Following are some simple test queries to test the TVF:

select *
from GetFile('C:\MyDir\function1.cs')
go
select *
from GetFile('NonExistentFile.cs') – should return NULL
go


Impersonation
As you might have noticed, there is code to impersonate the current security context in the constructor for SingleFileLoader - actually the bulk of the work is done by SingleFileLoaderHelper. SQL Server does not automatically impersonate the current caller when executing code in an EXTERNAL_ACCESS or UNSAFE assembly (it is not possible to access an external resource in the SAFE assembly, so impersonation is moot for that case). Hence by default, code will run and access resources under the SQL Server service account unless there is explicit code to impersonate. In this example, it is sufficient to impersonate only when the file is opened.
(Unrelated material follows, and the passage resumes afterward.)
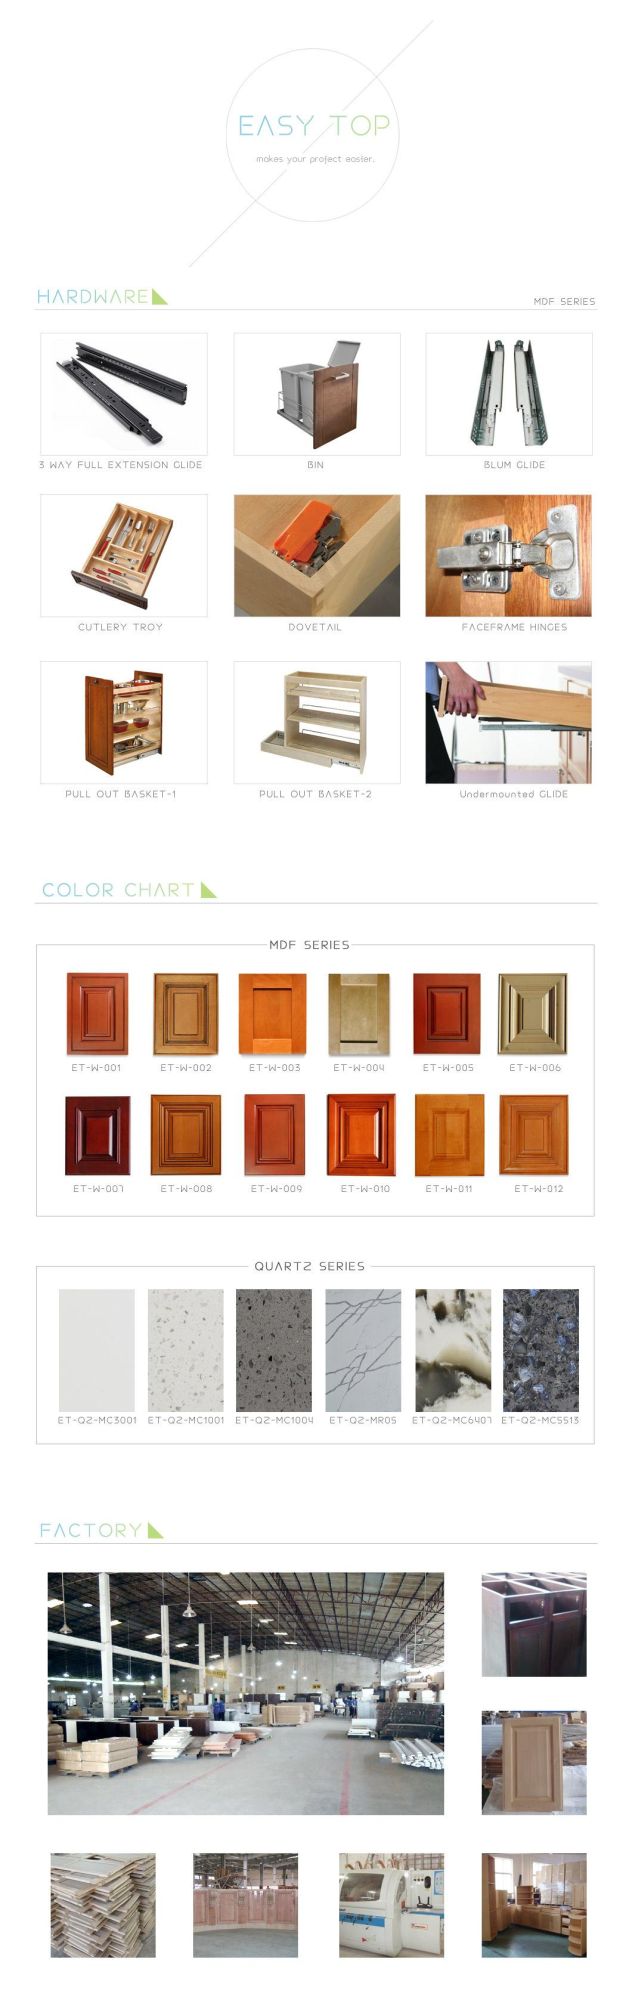 Cabinets Design Modern Style Shaker Door Grey Kitchen Cabinet

Make sure to Undo the impersonation (done in the finally clause) since SQL Server will raise an error if the impersonation has not been reverted before execution returns to SQL Server.

The way you retrieve the current calling context is by calling SqlContext.WindowsIdentity. This might return NULL if the calling context is not an NT Authenticated login; in this example, we simply return a NULL value for the function when impersonation fails in this manner.

So what about OpenRowset(BULK)?
You might wonder why should we write this in the CLR, while SQL Server 2005 natively supports the OpenRowset(BULK ‘filename’, SINGLE_BLOB) syntax that does exactly the same thing. While this specific scenario is available natively, there are other such things that you can write in CLR with more flexibility that you cannot do with OpenRowset(BULK); for e.g. retrieve all files in a directory that have a specific extension  (I might post this sample in a future entry). You could also choose not to impersonate or to impersonate a fixed security context in the CLR based implementation while with OpenRowset(BULK) you always get impersonation of the caller.

The next question I can imagine someone asking is how this performs compared with the native OpenRowset(BULK). My unscientific measurements on the April CTP (IDW 14) reveal that the CLR TVF is slower than OpenRowset(BULK). However, there has been some recent performance work on improving the transition cost coming back from managed code to SQL Server which should bring the performance of the CLR TVF to be close to that of OpenRowset. This performance improvement will be available in the next CTP of SQL Server 2005.

- Balaji Rathakrishnan
Microsoft SQL Server

This posting is provided "AS IS" with no warranties, and confers no rights.